James Schuyler

1985 Winner in
Poetry

Pulitzer Prize winning poet James Schuyler was a central member of the New York School. Freely Espousing, Schuyler’s first major collection of poetry, was published in 1969 at the age of 46. His other major collections include The Crystal Lithium (1972), Hymn to Life (1974), The Morning of the Poem (1980), and A Few Days (1985). Schuyler also wrote novels, including Alfred and Guinevere (1958), A Nest of Ninnies, with John Ashbery (1969), and What’s for Dinner (1978).

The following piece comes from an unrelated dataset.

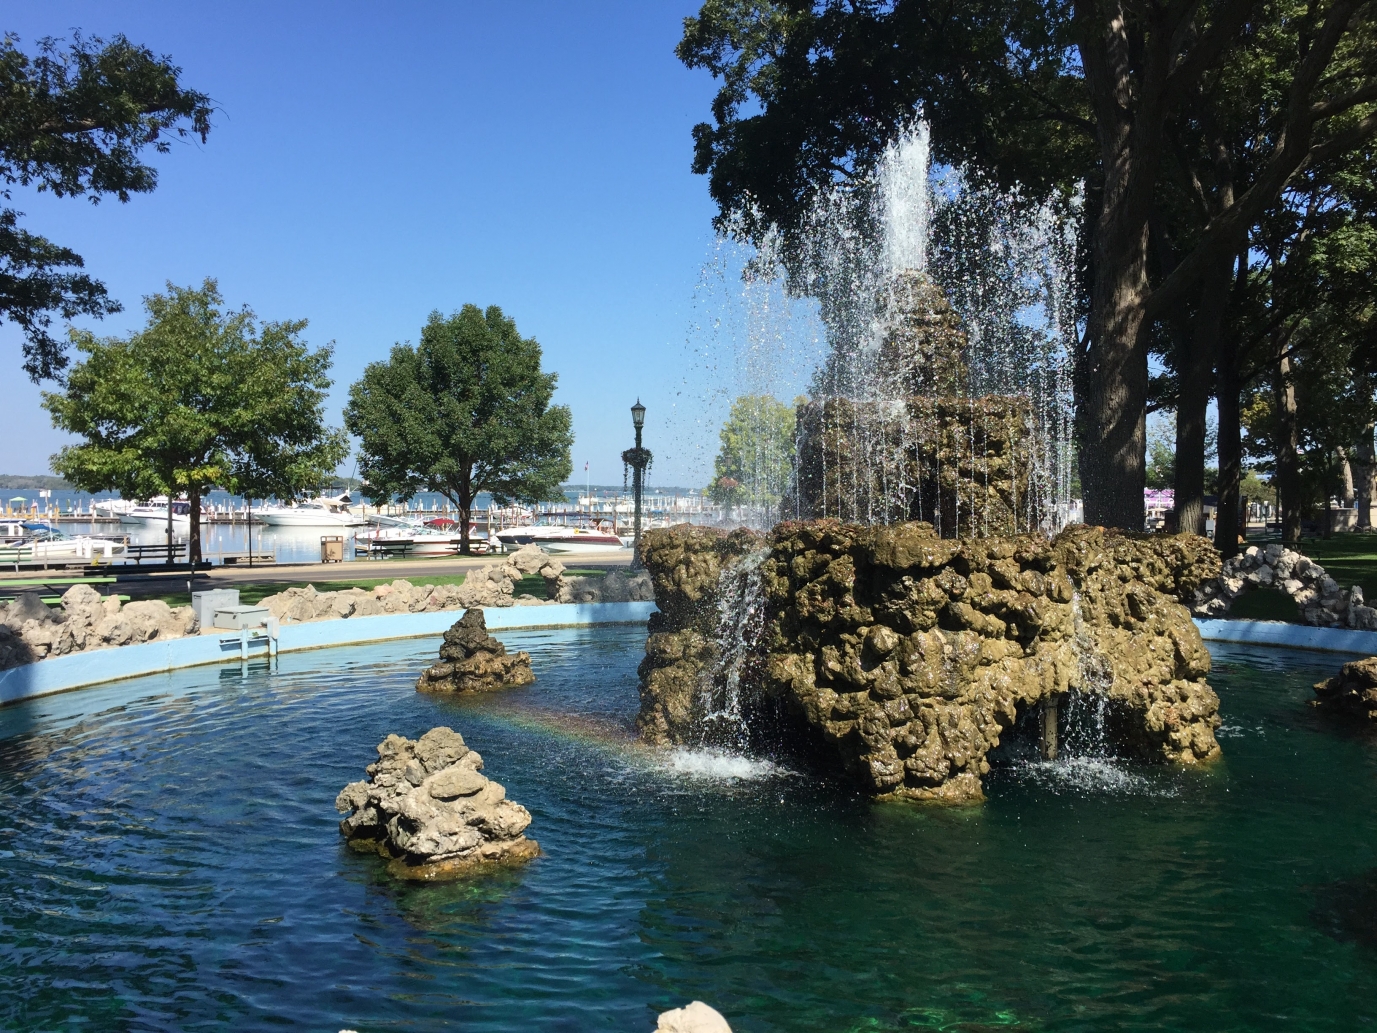 The fountain at DeRivera Park on Put-in-Bay.

In addition to the Pulitzer Prize for Poetry, Schuyler received the Longview Foundation Award in 1961, the Frank O'Hara Prize for Poetry in 1969, a Whiting Award in Poetry in 1985, a Guggenheim Fellowship, and a Fellowship from the American Academy of Poets. He passed away in 1991.

Photo Credit:
Gerard Malanga
Reviews & Praise

“ . . . 19 years after his death and 17 after his Collected Poems, this trove of previously unpublished work shows just how much fun (and how unsettling) Schuyler can be. Campy, cryptic or over the top, sometimes resembling verse diaries or word games . . . the poems slow down to reveal their serious goals . . . Many poets tell us we ought to enjoy every moment. Schuyler's verse, by precept and example, can actually help us do it.” —Stephen Burt, The New York Times [on Other Flowers: Uncollected Poems]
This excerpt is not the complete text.